И так прозвучало это неловкое «гадко», что рыжая Лариска всплеснула руками, смяла в пепельнице папиросу, порывисто пересела к ней на диван, уткнулась в неё и бессильно расплакалась.
Терпеть нужно было. Терпеть и надеяться. Муж уходил гулять по Неопалимовскому, выходил на Большую Царицынскую, где в клиниках Московского университета велись по ночам опыты над животными, и воющий лай, в котором только мёртвый не услышал бы мольбу о пощаде, разносился далеко до самого проезда Девичьего Поля.
Александр Данилыч шёл по Большой Царицынской улице, скривившись от звука собачьего лая и нетерпеливо молясь про себя, чтоб кто-то, кто в силах, помог им, несчастным; он подставлял снегу лицо, и снег залеплял его, словно хотел согреться от его дыхания, но дыхание само становилось холодным, и над головой Александра Данилыча, чернея сквозь снег, проступали хребты мрачных туч, похожих слегка на приморские скалы, – он шёл и внутри себя нёс эту женщину, которая, может быть, крепко спала, о нём не тревожилась, не вспоминала. Умом Александр Данилыч понимал, что Нина Веденяпина не счастлива и не спокойна, но одно дело – понимать умом, а другое – мучиться и ревновать сердцем. Он мучился и ревновал. Не к мужу, которого Александр Данилыч не знал и который почему-то совершенно не интересовал его, а к кому-то или даже скорее к чему-то, к какой-то чужой, дикой силе внутри этой женщины, с виду столь хрупкой.

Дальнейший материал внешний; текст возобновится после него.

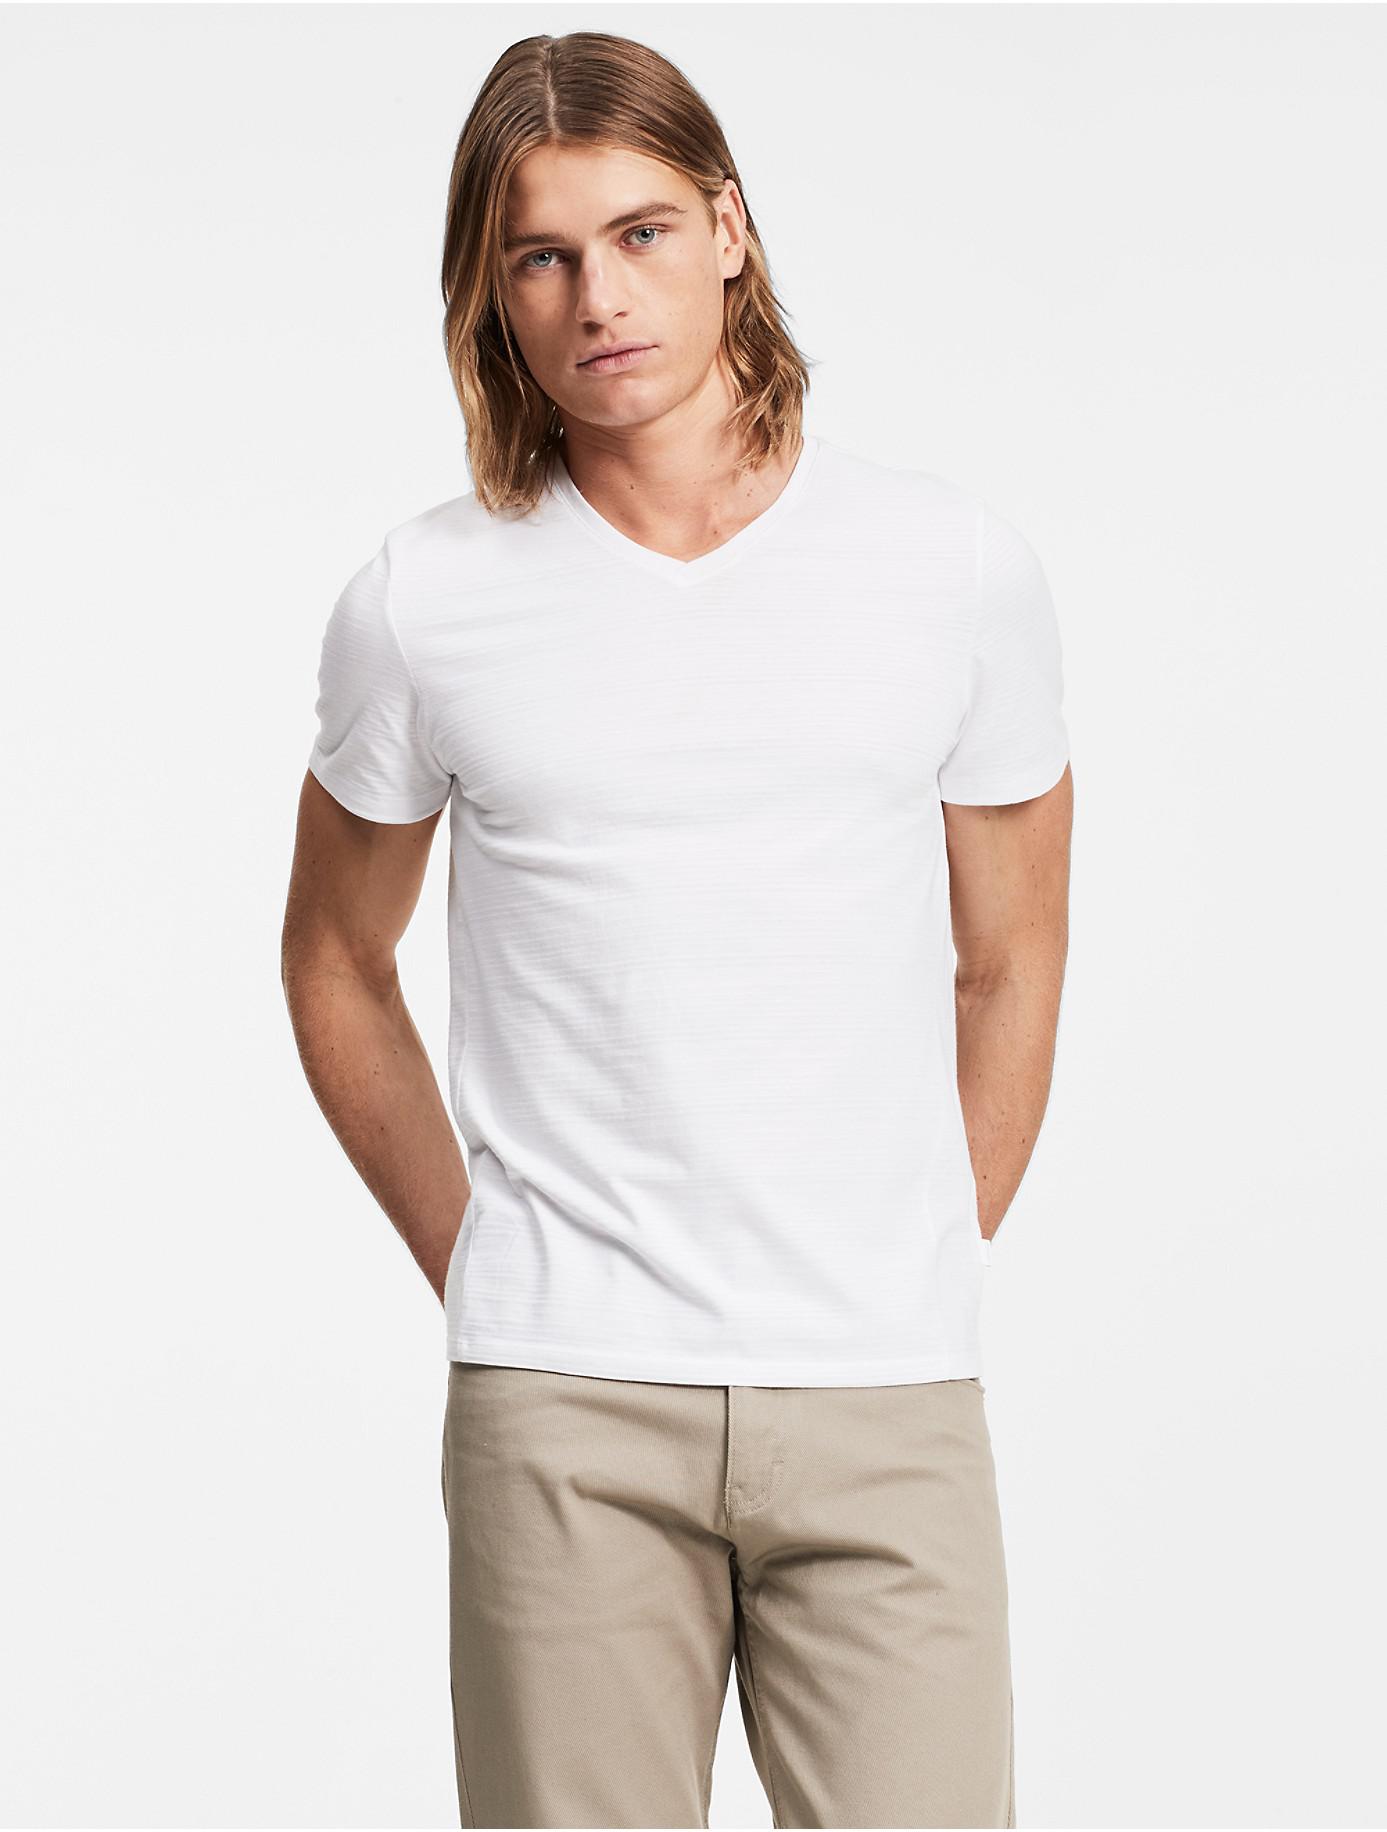 Calvin Klein Cotton Slim Fit Textured V-neck T-shirt in White for Men

После Крыма они встретились всего два раза – один раз в сквере и другой раз в номерах, куда Александр Данилыч, ужасаясь на свою измену, но при этом страшно счастливый, привёз её, решительную, с твёрдо сжатыми губами, и она шла за ним по длинному коридору гостиницы, опустив голову, но как-то особенно ярко и скорбно блестя глазами, как будто бы не в номера шла, а вместе со старцами на богомолье, и там, в тёплой комнате, за спущенными шторами которой шаркала и звякала Москва, провели вместе не больше чем полтора-два часа, и Александр Данилыч пережил столько, что сразу хватило на целую жизнь.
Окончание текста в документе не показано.